LIVE AT U OF T / VIVIAN: Split or Whole. MURLEY: YSBN. Open Spaces.2,3 LIEBMAN: Off a Bird. Small One.4 Nebula.2 Missing Persons.4 ELMAN-MERCER: And the Angels Sing.2 LOVANO: Blackwell’s Message / Dave Liebman, 1s-sax/2t-sax/3fl; Mike Murley, t-sax/4s-sax; Jim Vivian, bs; Terry Clarke, dm / No label name or number, available at iTunes (live: Toronto, January 6, 2017)
Veteran saxophonists Dave Liebman and Mike Murley have played together for more than a decade, and in fact Murley studied with Liebman at the Banff Jazz Workshop back in the 1980s, but this is only the second album by this specific quartet.
It is a stunner.
Drawing on a variety of big-name influences, both players have a powerhouse drive and attack and both have vivid musical imaginations. Imagine, if you will, a post-bop, more modern counterpart to Zoot Sims and Al Cohn, and you have Liebman and Murley. The rhythm of their tunes is more conventional than their harmonic approach, sticking to a normal 4/4, but make no mistake, these are adventurous players. At times Murley will sound like Sonny Rollins, at other times a bit like Stan Getz (more so in his sparseness of note-choices than actual sound) while Liebman, particularly on soprano sax, channels Coltrane and a bit of Steve Lacy. What I found particularly interesting in this set was that neither of these exceptional reed players ever overblow or go so far out on a tangent that neither they nor their audience quite knows where they are, despite taking several risks. This is playing at its highest level.

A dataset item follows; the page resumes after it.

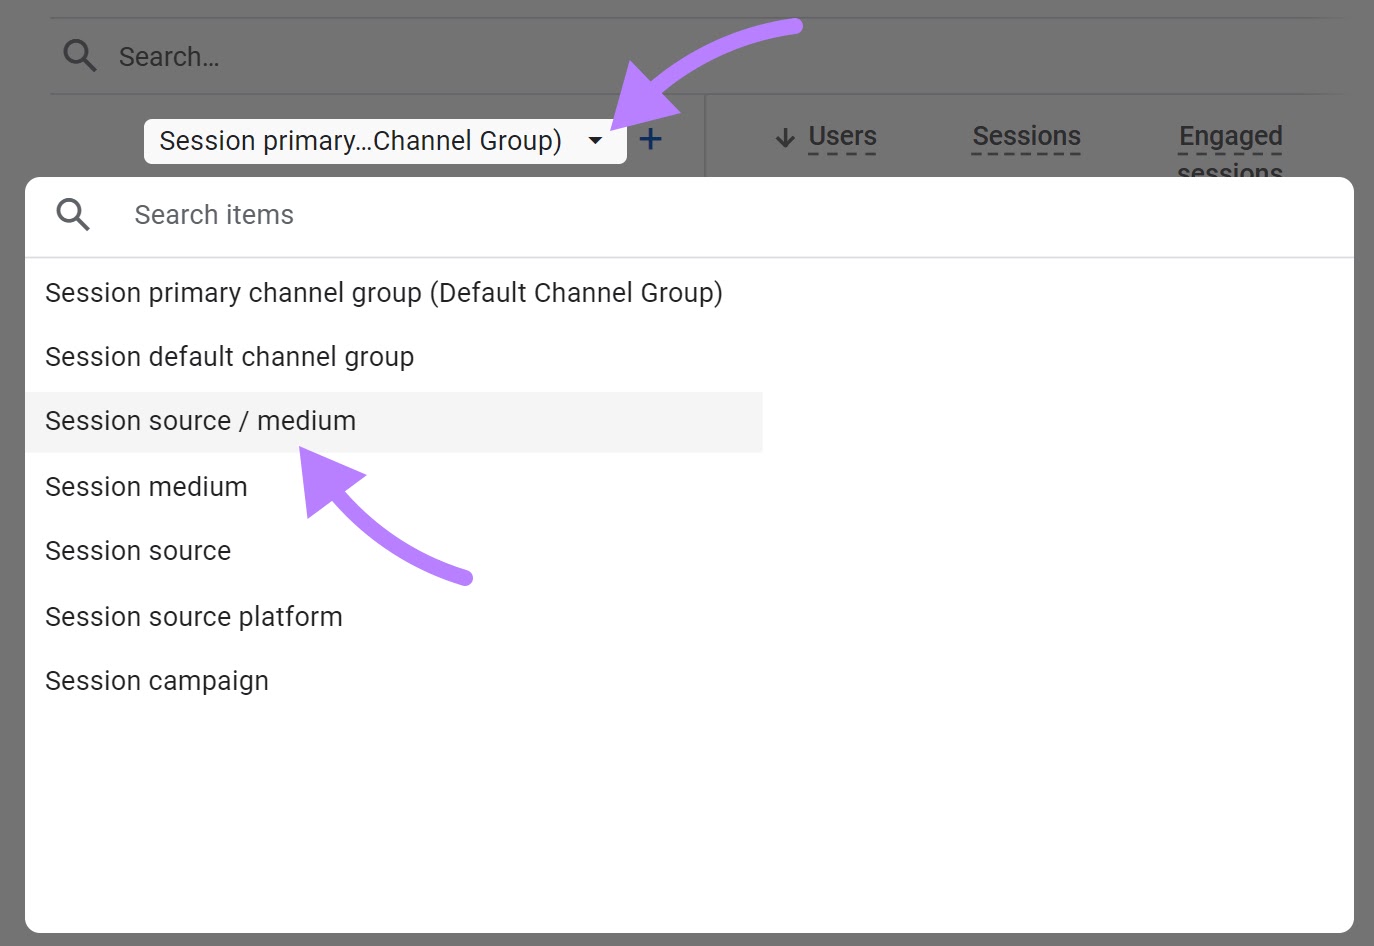 “Session source / medium" selected under “Session primary channel group (Default Channel Group)" drop-down menu

The rhythm section is solid and dependable, with drummer Clarke taking a fine solo at the beginning of Off a Bird which, oddly enough, sounds more like a piece by Ornette Coleman than Parker, though it keeps to a recognizable harmonic base. Liebman is at his most abstract here, spitting out atonal lines with impunity while still leaving “space” in his solo. A nifty little quote from Bird’s Now’s the Time comes and goes so quickly that you might miss it. Bassist Jim Vivian is also quite busy here, contributing a splendid Charlie Haden-type solo in the middle, just before Murley comes roaring in on tenor sax.
On Small One, Murley joins Liebman on soprano sax, playing a lovely if rather abstract tune in harmony. In the improv section they take turns; the liner notes don’t say, but it sounds like Murley up first. I say this only because his playing tends to be somewhat more lyrical than his mentor-partner. Clarke tosses in a few really nice press rolls behind Liebman’s solo when he takes over the reins. Towards the end there is a nice passage where the rhythm changes and the duo plays some nifty interlocking phrases before reiterating the theme to the end.
Liebman plays both flute and tenor sax on Open Spaces. Oddly, his flute sounds more like an ocarina, but that’s fitting in the context of this quasi-Latin-sounding piece. His tenor playing has the same tone as his soprano, somewhat dry and “flat” like several of the hard-bop players of the 1950s and ‘60s. Vivian contributes a nice, dry bass solo, picking the strings cleanly as if it were a big guitar. Towards the end Liebman returns to his ocarina-like flute for the rideout. An out-of-tempo bowed bass solo opens Nebula, setting the tone for a particularly “spacey” performance. When the two saxists enter, they are playing sparsely in thirds, breaking up both line and rhythm as they proceed. Most of the composition and performance, in fact, consists of just these elements, with the music becoming even more spacey and the two reeds exchanging metaphoric takes on the sparse theme. Eventually they whimper like two wounded space birds from Alpha Centauri.
Next we get the one old-time standard on this set, Ziggy Elman’s And the Angels Sing which was the vocal version of his previously-recorded Frahlich in Swing. It gives the listener a chance to hear and understand what these two great artists can do with a song, in material that almost everyone knows. Both men are on tenor here, and it sounds to me as if that’s Liebman up first, playing a particularly adventurous solo before Murley comes in with his quasi-Getz sound and ideas. Missing Persons starts out with an out-of-tempo a cappella passage by the two saxists at a medium slow tempo, again channeling Ornette somewhat. Audience applause comes immediately after, followed by a rumbling drum solo which introduces Joe Lovano’s Blackwell’s Message. This, too, turns into a somewhat abstract performance, particularly in Liebman’s twisting, pretzel-shaped solo. Murley does his level best to catch up, though, and eventually they come together, again in thirds, to wrap the set up.
Really, really nice music from start to finish.